So that’s pretty cool.
And right after John (and all the animals!) arrived at Harstine this afternoon he sent me this picture of the beams from the beach:
WOW!
(As always, click the photos to embiggen!)
I’m also feeling rather uplifted because the weather forecast for this weekend is absolutely stellar for this time of year. Pushing 70° Sunday!
Thursday, March 28, 2013 | Permalink | Comments (1)
No Harstine this weekend, which is a crying shame as (at least right now) it’s sunny and pretty outside. Doesn’t it always seem to go? But John has to work so it’s not to be.
But stuff got done down there this week! Contractor John sent us some pictures.
In the shop, workers put up the metal beam:
And then THIS is pretty dramatic. They installed the metal pan over the top of the shop that will be poured with concrete (next Wednesday) and will serve as the floor of the garage! Sounds kind of strange, but John said this is how they build parking garages (on a much larger scale, of course):
There is actually quite a lot more for them to do, like a significant amount of welding and wiring in a ton of rebar in the pan, plus bending down the rebar that’s sticking up along the walls to secure the pan before the concrete pour.
Meanwhile, over in the gully, more posts are up and at least one more glu-lam beam is installed:
So that’s pretty cool!
John and I have both had some rough weeks, so we went out to dinner Thursday night at Wally’s Chowder House downtown in Des Moines. We used to go out to dinner often, but we haven’t for ages. So this was a major treat. In fact, it was a HUGE treat! Get this: One-pound lobster tails. Yes, you read that right! They were amazing!
The tail shell over-ran the plate!
We had sides (that we could barely eat!), and shared a half-carafe of white zin. And solved the world’s problems! It was so good and so fun, and much needed.
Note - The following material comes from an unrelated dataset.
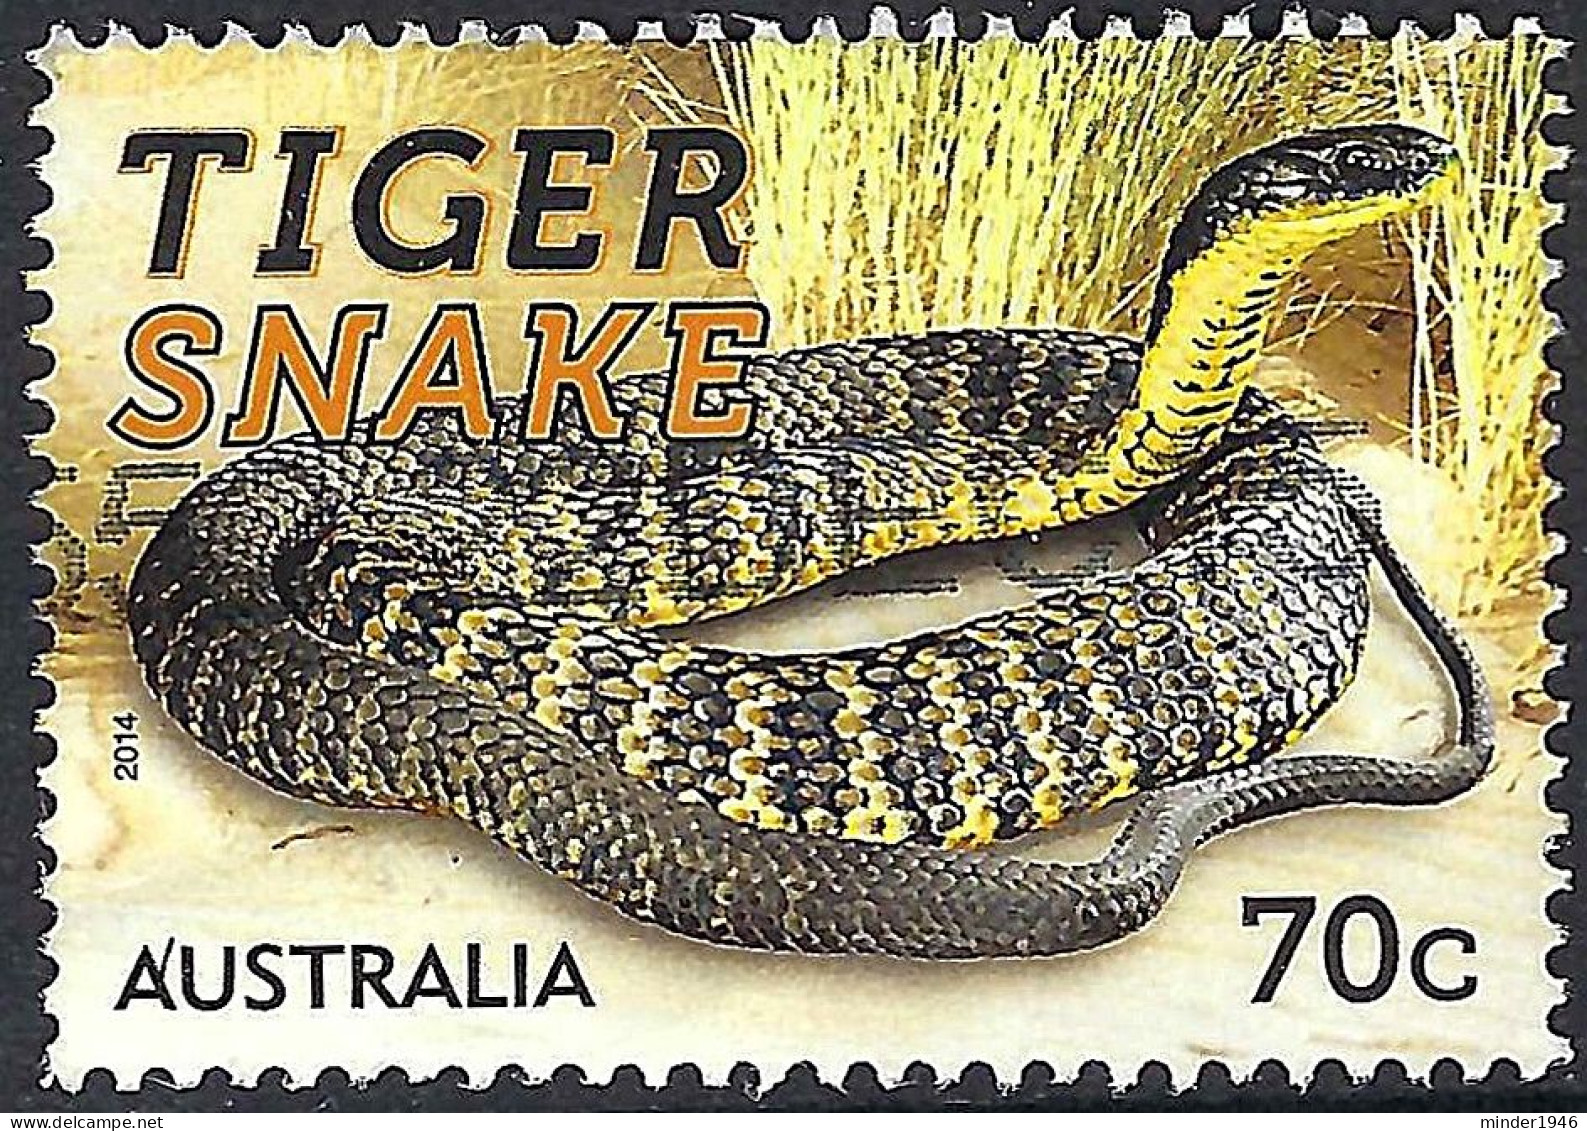 AUSTRALIA 2014 QEII 70c Multicoloured, Fauna-Things That Sting- Tiger Snake FU - Oblitérés

With all the horror at work, I’ve been spending my evenings in total escape-mode. Haven’t been quite the reading fiend I was there for a while, but I’ve watched two chick flicks via Amazon on Demand – “Pitch Perfect” and “Bridesmaids.” Totally escapist, no heavy thought necessary. A few chuckles here and there. (And a few eye-rolls, too).
Another thing I hadn’t done in a long time was play an adventure game on my laptop. I really enjoy them, but I’m picky. They need to tell a story (preferably a decent one), no guns involved, you can’t die, and I like to have the option to skip some of the puzzles (I’m not big on puzzles). Mostly I like advancing the story. It can be a lot like an interactive book. I like to download games from Big Fish, a company whose office is right across the street from where I work in Seattle. I played a murder mystery game (a little lame, but still entertaining and it met my basic requirements). I would REALLY like to find some games the same caliber as Syberia or The Longest Journey, but I haven’t seen anything like that for a number of years now. Boy does time scream by when you’re immersed in one of those things. The downside is that you blink your eyes and it’s suddenly bedtime, which means the horror of another work day is just another eye-blink away.
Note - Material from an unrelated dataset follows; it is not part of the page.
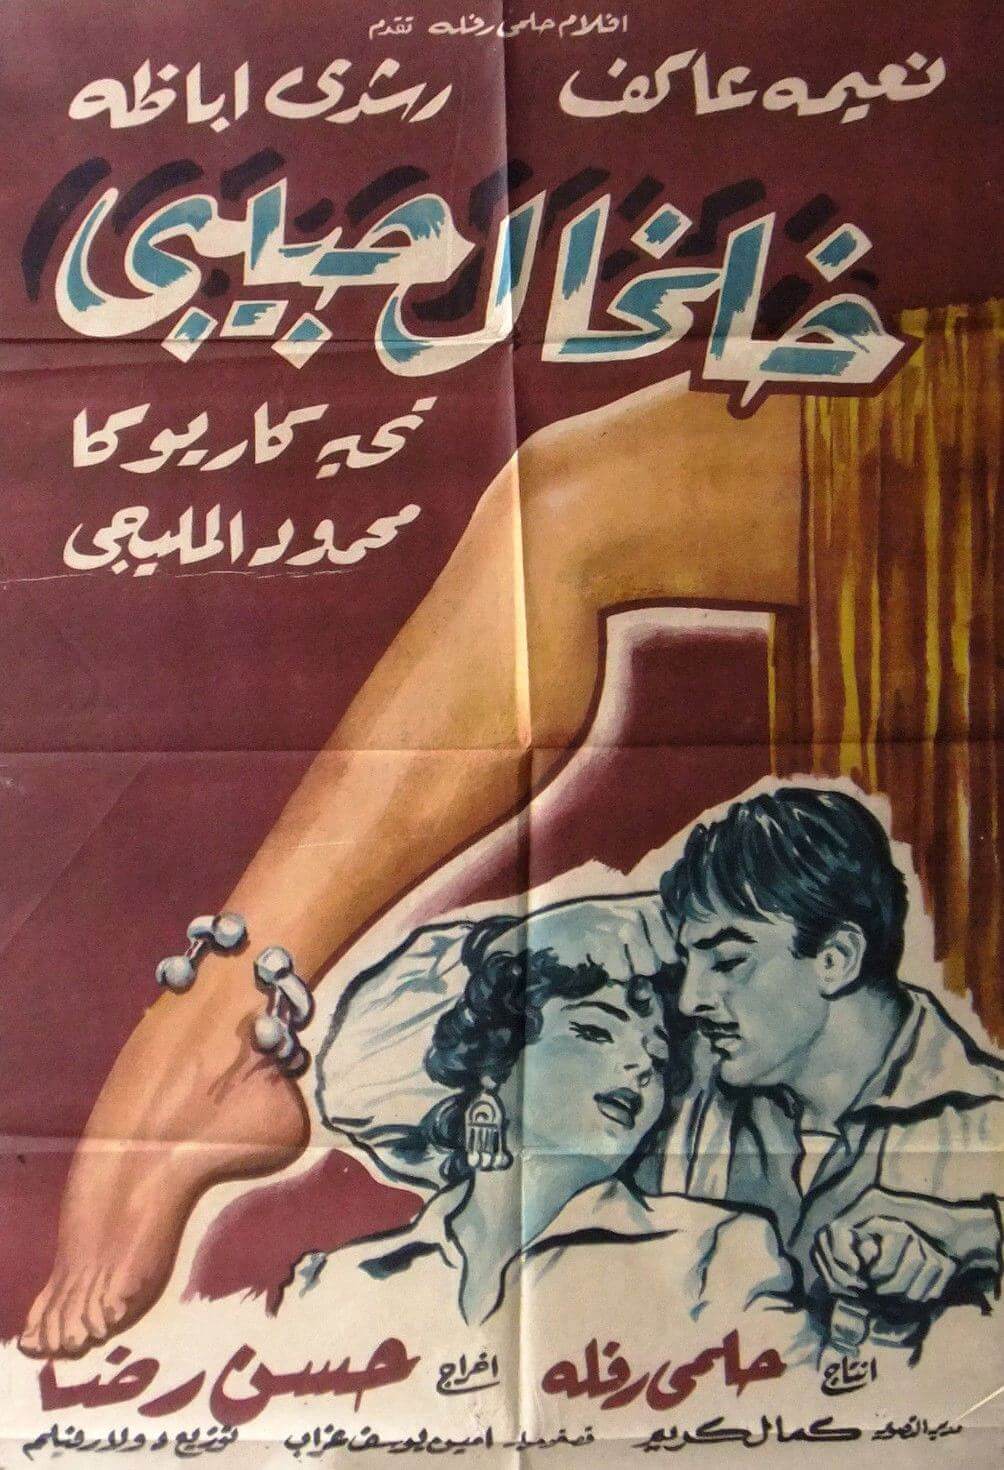 kholkhal habebi poster

One more thing—I made a little arty glass thingy:
Saturday, March 23, 2013 | Permalink | Comments (1)
Or… “Boys Behaving Badly.”
Or… “Unhinged.”
Take your pick of optional titles. Any of them will do.
I really don’t know how to describe how utterly awful these last couple of work-weeks have been. It’s beyond anything I’ve experienced before, beyond the realm of what a functional work environment is supposed to be. No A/E (architectural/engineering) marketing proposal is ever a piece of cake (understatement galore), and if you’ve read my blog for any length of time, you know the kind of angst I go through whenever I’m in the thick of these spawn-of-the-devil activities. Herding cats doesn’t even come close to describing it.
What is it about engineers? And I feel perfectly OK about using a hasty generalization there. I’ve been dealing with them for 33 years now at several different firms, and they are all similar ilk. They don’t listen. They don’t read. I swear, when it comes to having to focus on a proposal that truly requires their engaged, technical input, they don’t care. (We don’t get work unless we do these proposals and win them.)
But these two weeks have truly taken the cake.
I think I’ve mentioned that my previous “boss” (who replaced my marketing boss that they let go last September) retired the end of last year. He was the company’s senior VP of one of the major business units that I support with marketing, and we got along really well (and I’m missing him terribly). I appreciated how he could rein in those Attention Deficit Disordered engineers and get them on track , motivating them with common sense and intelligent, pointed, logical questions and input that ultimately steered the proposal in the right direction.
The guy who replaced him? Not so much. Contentious meetings with him screaming and yelling and accusing and threatening—and yet HE doesn’t follow through himself, HE doesn’t listen, HE doesn’t read the RFP or his emails, HE doesn’t focus on the details.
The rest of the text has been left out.